Shortly before Rama was announced, the engineers at G+D Netcetera realized the backend architecture of Forward Publishing was wasteful. The number of updates to the CMS is only hundreds per day, so the vast majority of the work to compute pages was repeated each time the TTL of the cache expired. Pages usually only have a few changes when they’re recomputed. Flipping the architecture by maintaining a denormalized view of each page that’s incrementally updated as new content arrives seemed like it would be a big improvement.

They initially built a few prototypes with core.async and Missionary to explore this idea. However, these did not address how to store and query the denormalized views in a data-parallel and fault-tolerant manner. As soon as Rama was announced, they realized it provided everything needed to make their idea a reality.

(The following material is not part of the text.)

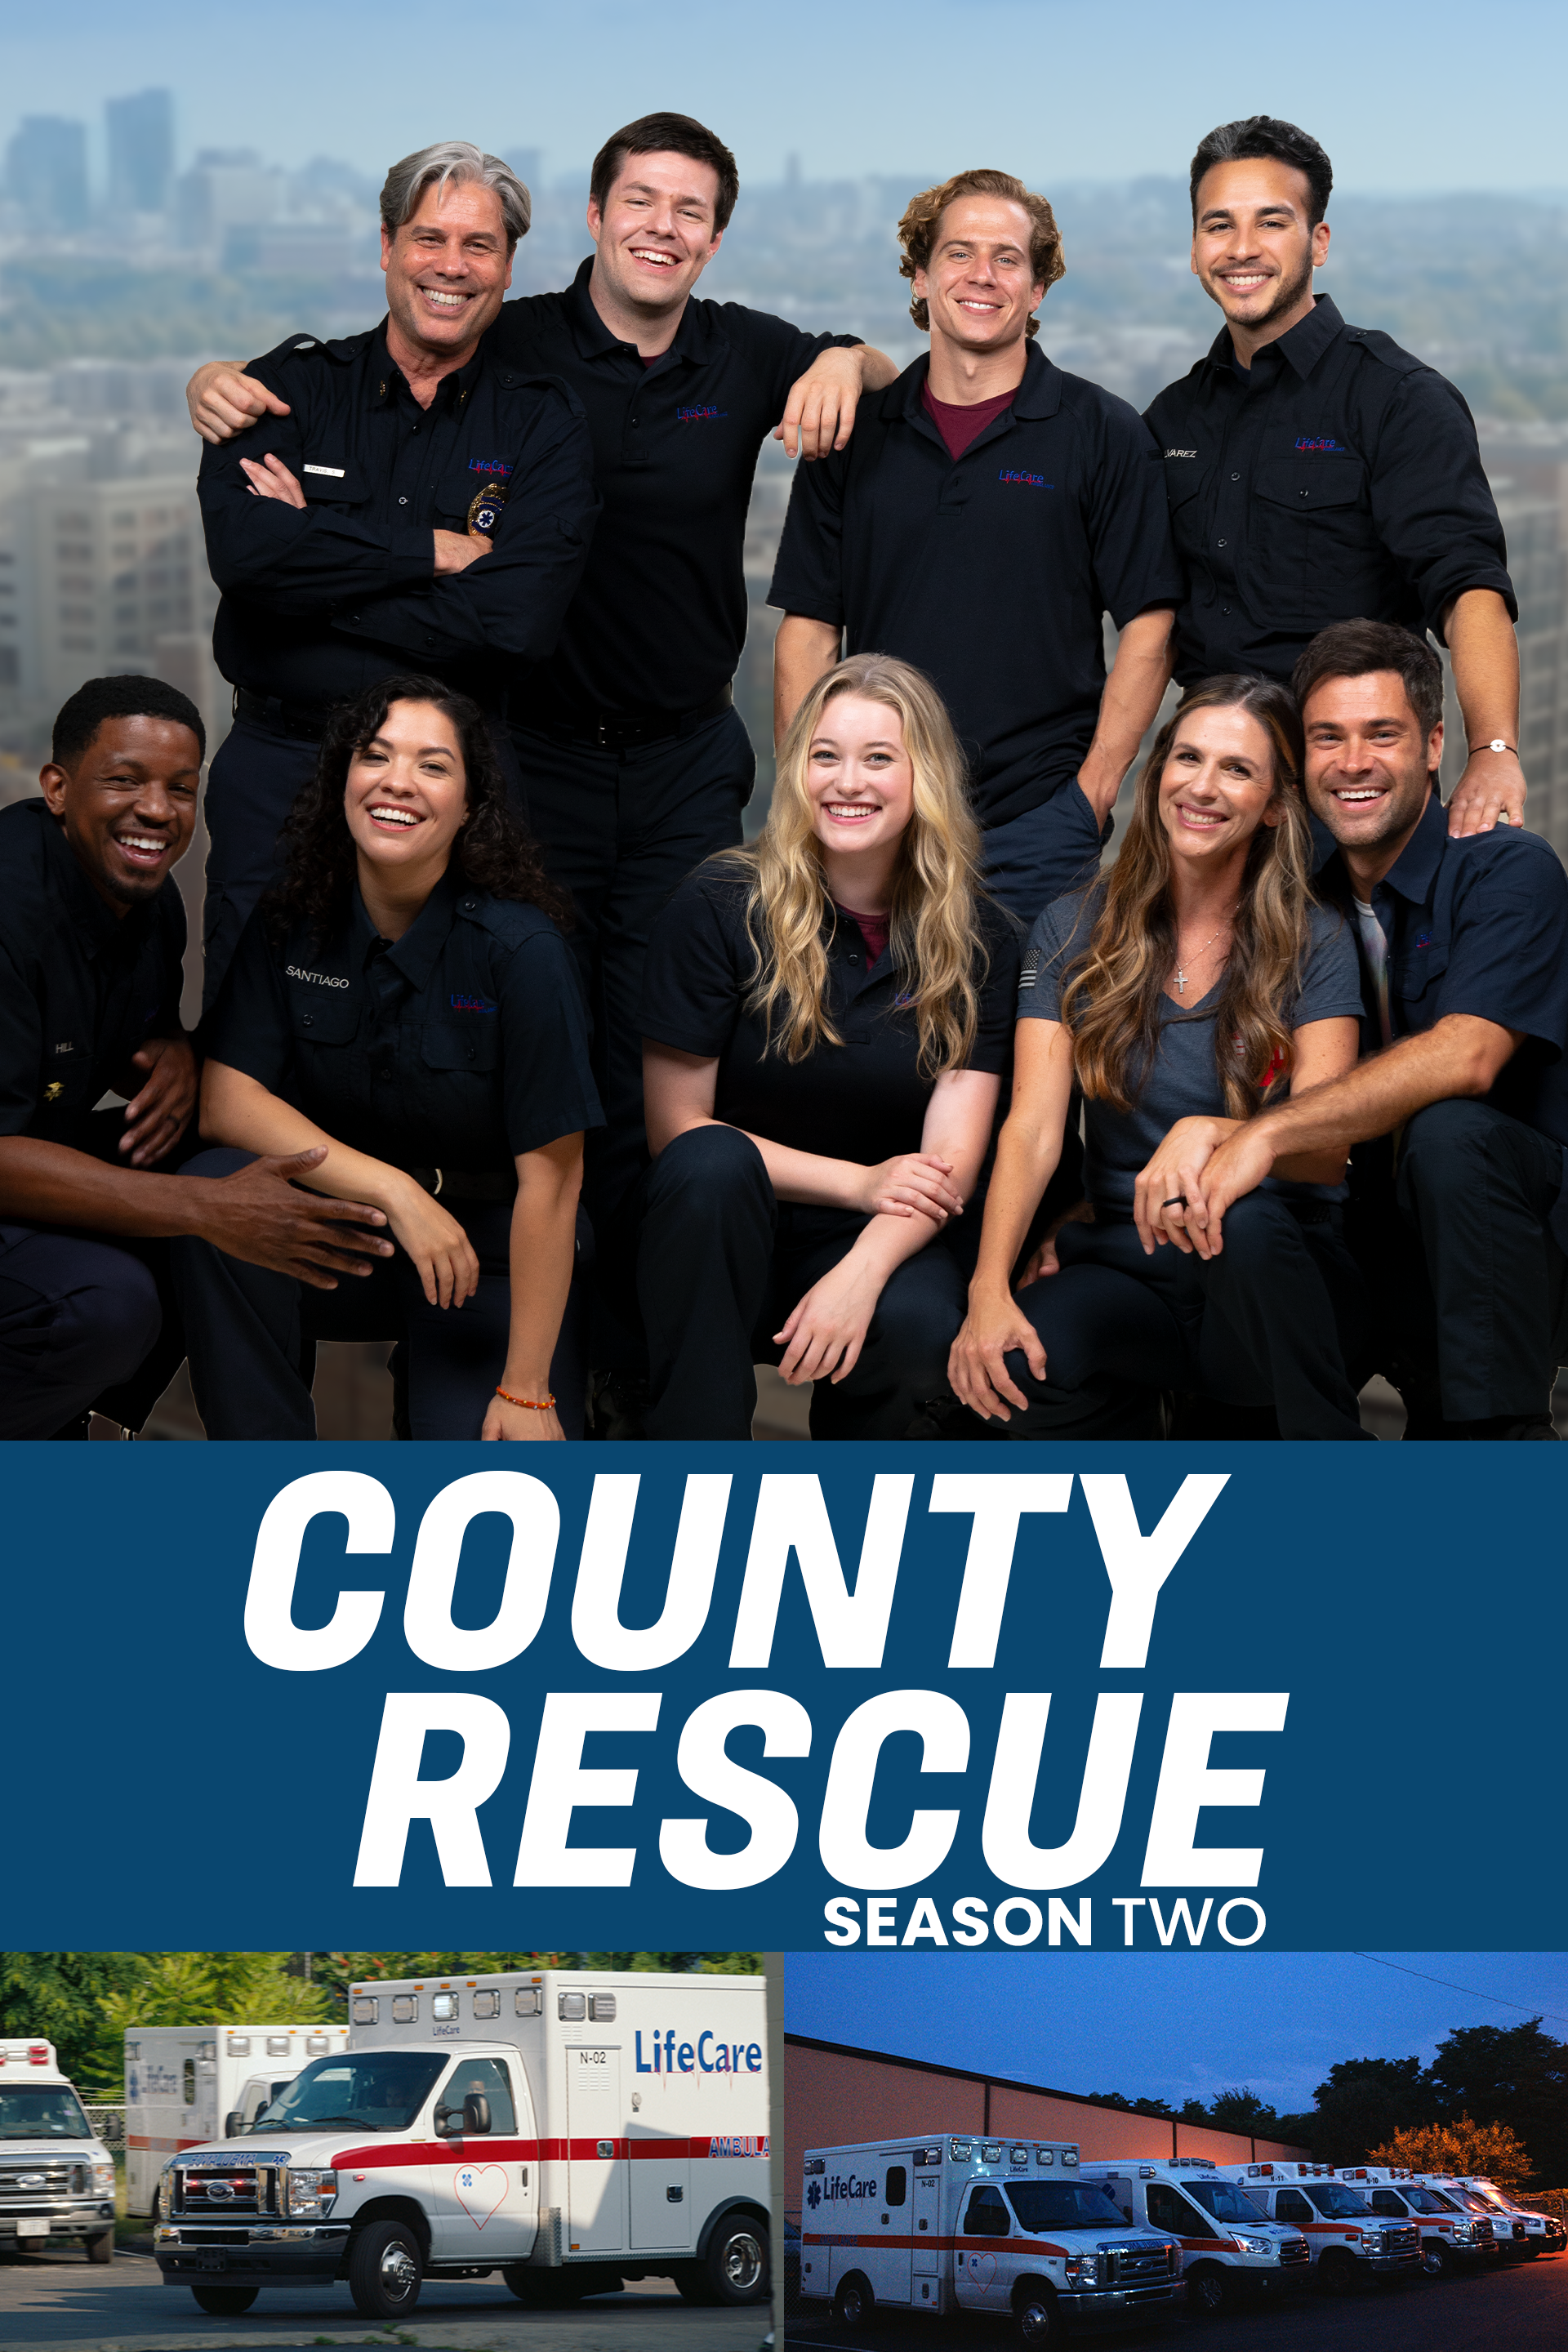 County Rescue, Season 2

Traditional databases, especially RDBMS’s, serve as both a source of truth and an indexed store to serve queries. There’s a major tension from serving both these purposes, as you want data in a source of truth to be fully normalized to ensure data integrity and consistency. What G+D Netcetera found out the hard way is that only storing data fully normalized caused significant performance issues for their application.

Rama explicitly separates the source of truth from the indexed datastores that serve queries. It provides a coherent and general model for incrementally materializing indexed datastores from the source of truth in a scalable, high-performance, and fault-tolerant way. You get the data integrity benefits of full normalization and the freedom to fully optimize indexed datastores for queries in the same system. That tension between data integrity and performance that traditionally exists just does not exist in Rama.

Backend dataflow

At the core of G+D Netecetera’s Rama-based implementation is a microbatch topology that maintains a denormalized view of each page as new content comes in. The denormalized views are PStates (“partitioned state”) that reduce the work to render a page to just a single lookup by key.

New content could be a new article, edits to an existing article, or edits to the layout of a page. The microbatch topology determines all denormalized entities affected by new content, which involves updating and traversing the graph of entities. This whole process takes less than a second and results in content always being fresh for all pages.

G+D Netcetera built a small internal library similar to Pregel on top of Rama’s dataflow abstractions. This allows them to easily express the code performing graph operations like the aforementioned traversals.

The core microbatch topology relies heavily on Rama’s batch blocks, a computation abstraction that has the same capabilities as relational languages (inner joins, outer joins, aggregation, subqueries). Batch blocks are the core abstraction that enables G+D Netcetera’s graph computations.

PState examples

Unlike databases, which have fixed data models (e.g. relational, key/value, graph, column-oriented), PStates can have any data model conceivable. PStates are based on the simpler primitive of data structures, and each data model is just a particular combination of data structures. This flexibility allows each PState to be tuned to exactly match the use cases they support. G+D Netcetera materializes many PStates of many different shapes in their Forward Publishing implementation.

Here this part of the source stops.